Linear Sequels and Direct Sequels
The linear sequel—or direct sequel—is the most straightforward of all sequels. It’s what you think of when you consider the relationship between the films in the original Star Wars trilogy or the Die Hard movies or The Godfather and its followup.
The first Halloween sequel is a linear sequel. A direct sequel. Halloween 4 is a direct sequel to Halloween II, although it’s also other kinds of sequel (discussed below.)
Examples of direct, linear sequels in the Halloween series are:
- Halloween II. A 1981 sequel to the original, 1978 Halloween
- Halloween 4: The Return of Michael Myers. A direct sequel to Halloween II (1981)
- Halloween 5: The Revenge of Michael Myers. A direct sequel to Halloween 4
- Halloween: The Curse of Michael Myers. The sixth film; a direct sequel to Halloween 5
- Halloween: H20: a direct, linear sequel to the first Halloween II, mostly but not entirely ignoring and scrapping everything that happened in Halloweens 4-6.
- Halloween: Resurrection . The eighth film; a direct sequel to Halloween: H20
- Halloween II (2009). The second Halloween II, the sequel to the remake/reboot (discussed below)

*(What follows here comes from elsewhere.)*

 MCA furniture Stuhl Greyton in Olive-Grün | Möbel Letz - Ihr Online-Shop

- Halloween (2018). The rare direct sequel that shares its name with its direct predecessor. A sequel to the very first Halloween and only the very first Halloween. Not only a direct sequel, but also a requel, a corrective sequel, and a soft reboot.

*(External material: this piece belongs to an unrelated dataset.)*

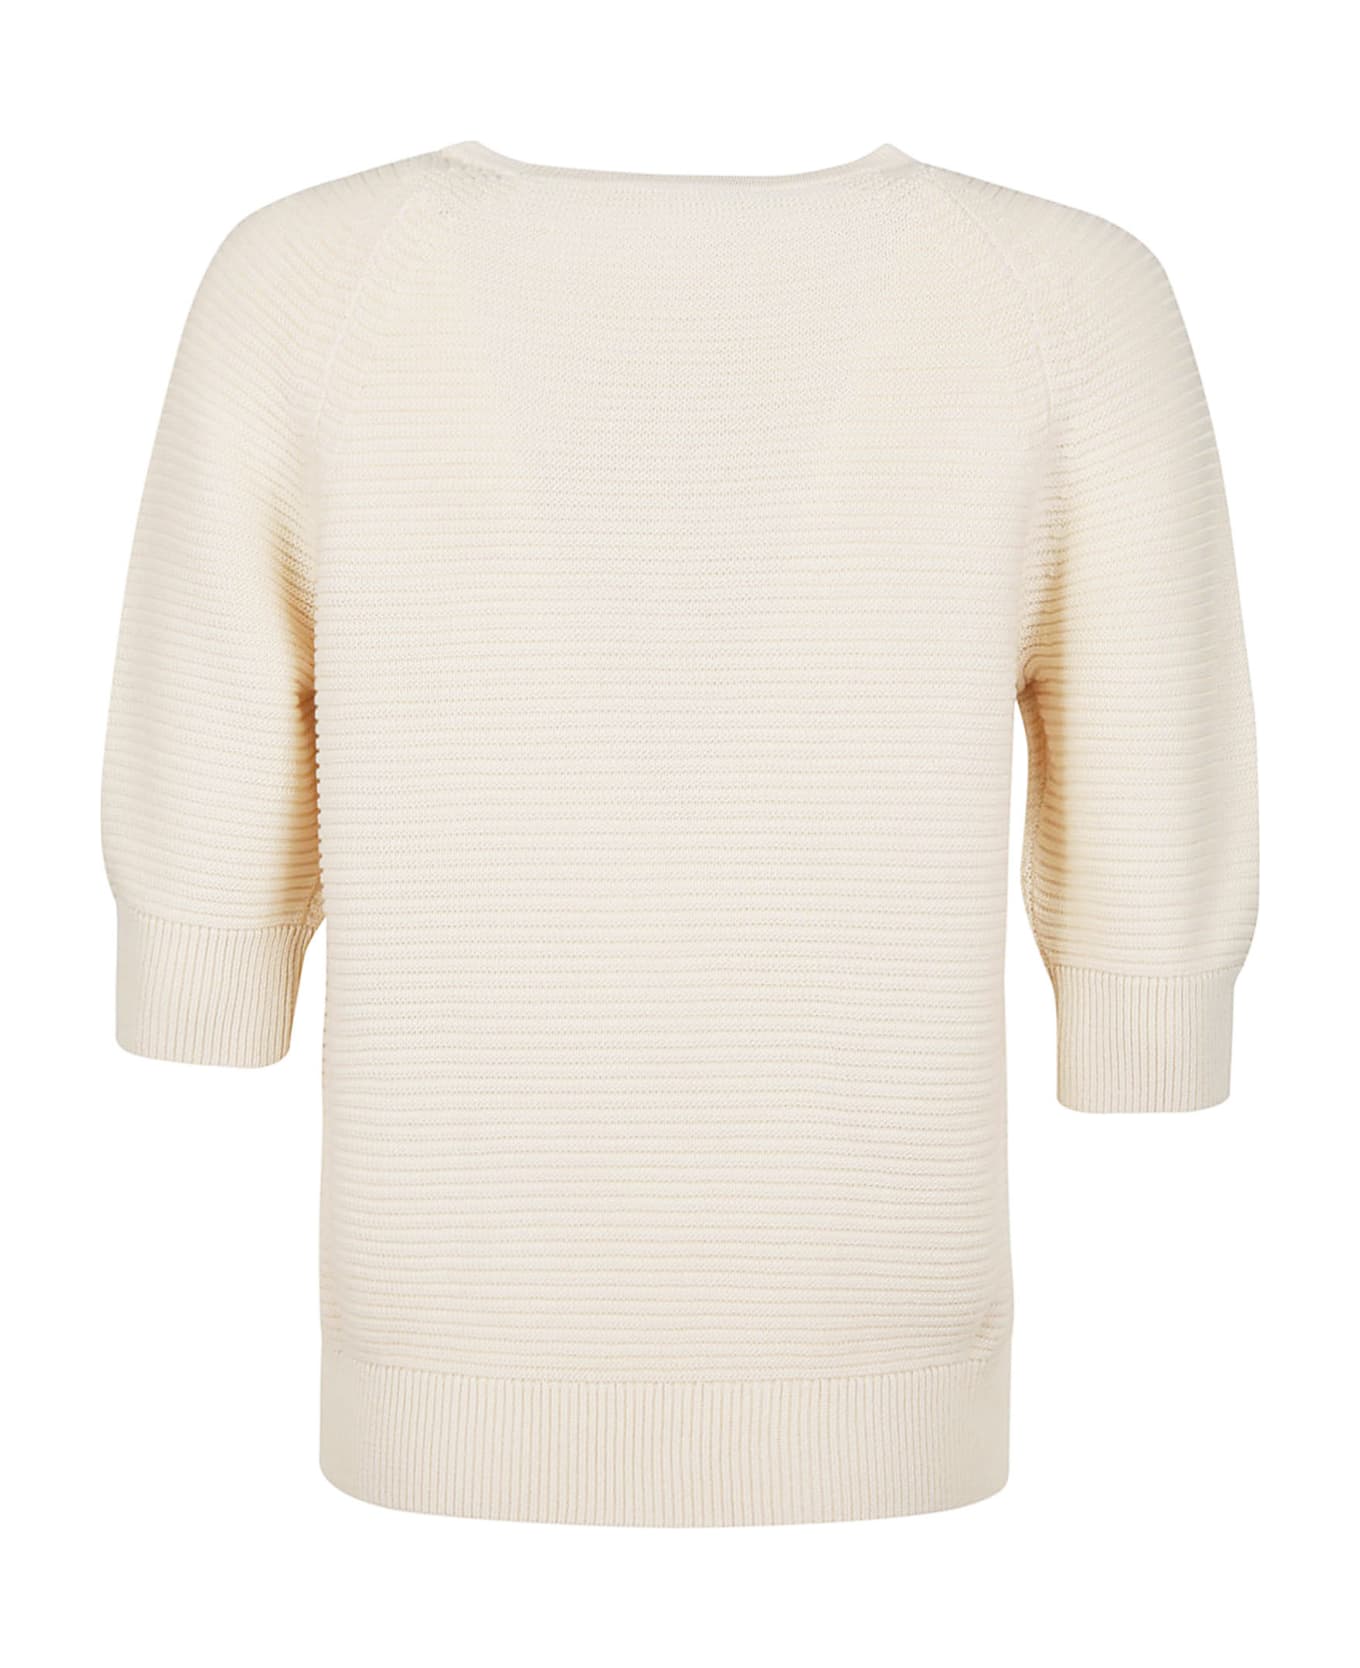 Max Mara Odilia Sweater - 0 Bianco

- Halloween Kills. A direct sequel to the second movie called Halloween, not to be confused with the either of the two Halloween 2s.
- Halloween Ends: A direct sequel to Halloween Kills, making it the second Halloween 4, I guess, and the third installment in the Halloween retquel/reboot trilogy (see more below.)
The Halloween series did one of the most unusual forms of sequels with its third installment. The anthology sequel, in which the theme is adhered to but the rest is abandoned, including characters, canon, and storylines.
The disaparate installments in the Cloverfield franchise are some the best examples of this. Edgar Wright’s Cornetto Trilogy—including Shaun of the Dead, Hot Fuzz, and World’s End—is another good example, although it wasn’t advertised this way and it’s not as if the titles had serialized numbers in the titles.
Anthology sequels are far more common in television, where there are either anthology series (the Haunting shows on Netflix; American Horror Story) or where every episode is an separate narrative (Black Mirror, Twilight Zone, etc.)
Fast and the Furious nearly went down this path with the third installment, Tokyo Drift, but Vin Diesel’s cameo presence in the final scene—and Sung-Ho Kang’s role in the other Fast & Furious sequels—make that a spin-off sequel rather than a true anthology installment.
Examples of anthology sequels in the Halloween franchise:
- Halloween III: The Season of the Witch
The concept of a hard reboot has its origins in turning technology off and back on. Amusingly, google “hard reboot” and the first page of results contains nothing about film franchises.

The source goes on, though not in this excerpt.